Raghunathpura is a village in Sri Ganganagar district of Rajasthan.It is situated on the right bank of Anupgarh branch that is largest and fastest branch of Indira gandhi Nahar pariyojna (IGNP) This is largest irrigation system of Rajasthan. It is a major village in the district. It is divided into two suburbs, Raghunathpura and Raghunathpura Aabadi. It is an Historical  village located some 41 km south- west of Suratgarh and around 103 km off to Sriganganagar. Kalyankot is  the nearest railway station of Raghunathpura. It is 28 km off National Highway NH-62 and 399 km from the state capital, Jaipur. Raghunthpura is located on the link road of Sri vijaynagar to Rajiyasar.  In Raghunathpura 11 ward zones are situated and ward no. 06 is the oldest area of the village. In Raghunthapura there are so many spiritual places are situated. Old Hanuman ji temple, Thakur ji Maharaj temple, Gusai  ji Maharaj temple, Bhabhuta  siddh temple, Hariram baba temple and Ramdev baba temple are very famous for pilgrims. Raghunathpura is growing up very rapidly in all sectors.In some previous year so many youths are selected in many Govt services. Like Engineer, RAS, S.O., Principal, headmaster, teacher, PTI, Constable, VDO , Patwari and so many more.

Language 
Bagri is the major language. Punjabi is also used as a second language in the area and as the predominant language in northern areas along the border of Punjab. Hindi is the state language and English is also used among officials and youth.

Culture 
Raghunathpura village contains a wide cultural diversity. Most of the people from the village are farmers. The village has a traditional Punjabi culture with Bagri influence.
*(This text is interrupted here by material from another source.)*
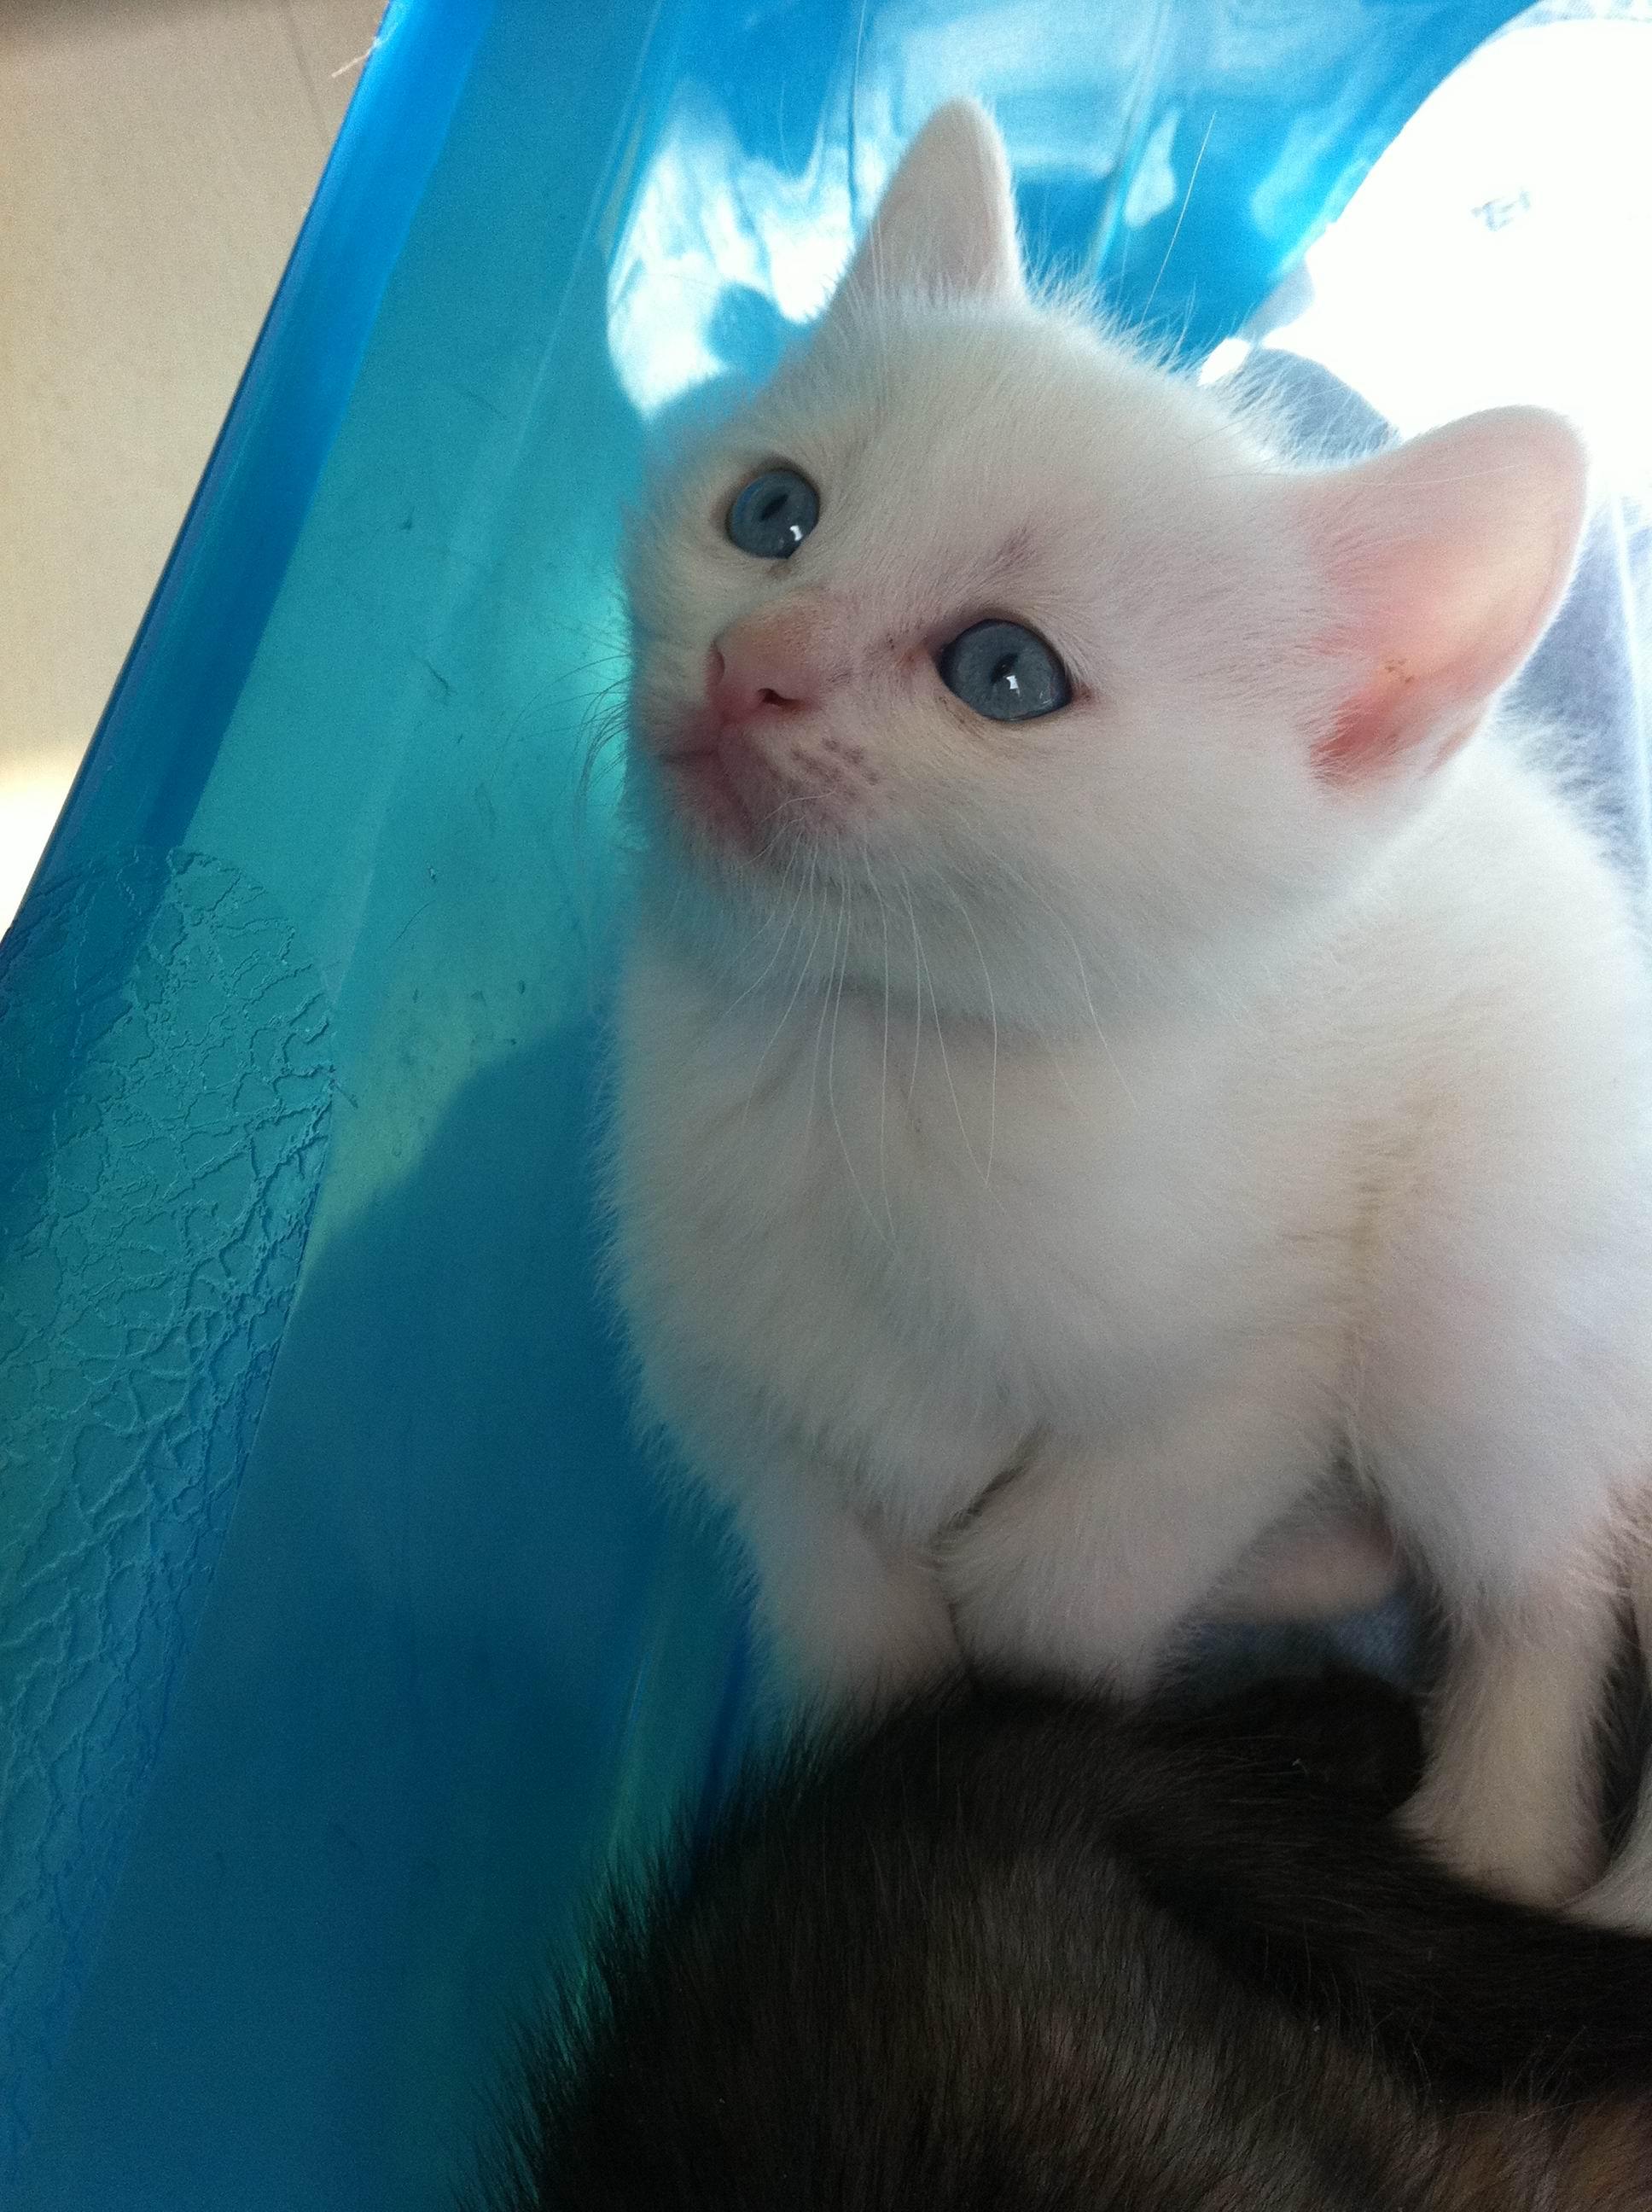 两个月的猫咪寻领养,一只黑(是黑狸),一只白猫,都很漂亮亲人.

Raghunathpura's music is different than that of the rest of the state (Rajasthan). People sing Punjabi songs, Hindi songs, Rajasthani songs, etc. Punjabi music adds more symphony to the art and culture of this village.

Profession 
The major work of the village is farming; major crops include rice, bajra, cotton, wheat, and vegetables. Punjab National Bank fulfills all the banking needs of the village.The most famous youth of the village Vikas Sharma s/o Anantram Sharma is an excellent volleyball player and poet and a singer of this village.

Grid sub-station 

Raghunathpura is now the first village in Sriganganagar district to complete first gss and open. The Raghunathpura gss started on 19 July 2018. Gss will supply electricity all the gram panchayat villages like 10RD, 1Rm, 40rd, 2gsm, 24sd, 22GB, sukhchainpura etc.

Climate 
The climate of Raghunathpura varies to extreme limits. The summer temperature reaches 50° Celsius and the winter temperature dips to around 0° Celsius. The average annual rainfall is only 176 mm (6.92 in). The average maximum temperature in summer is around 43.8 °C and the average minimum temperature in winter is around 13.4 °C.

Education 
The village has one government higher secondary school for boys and girls and one government primary school. There are also a number of non-government schools for middle and secondary education.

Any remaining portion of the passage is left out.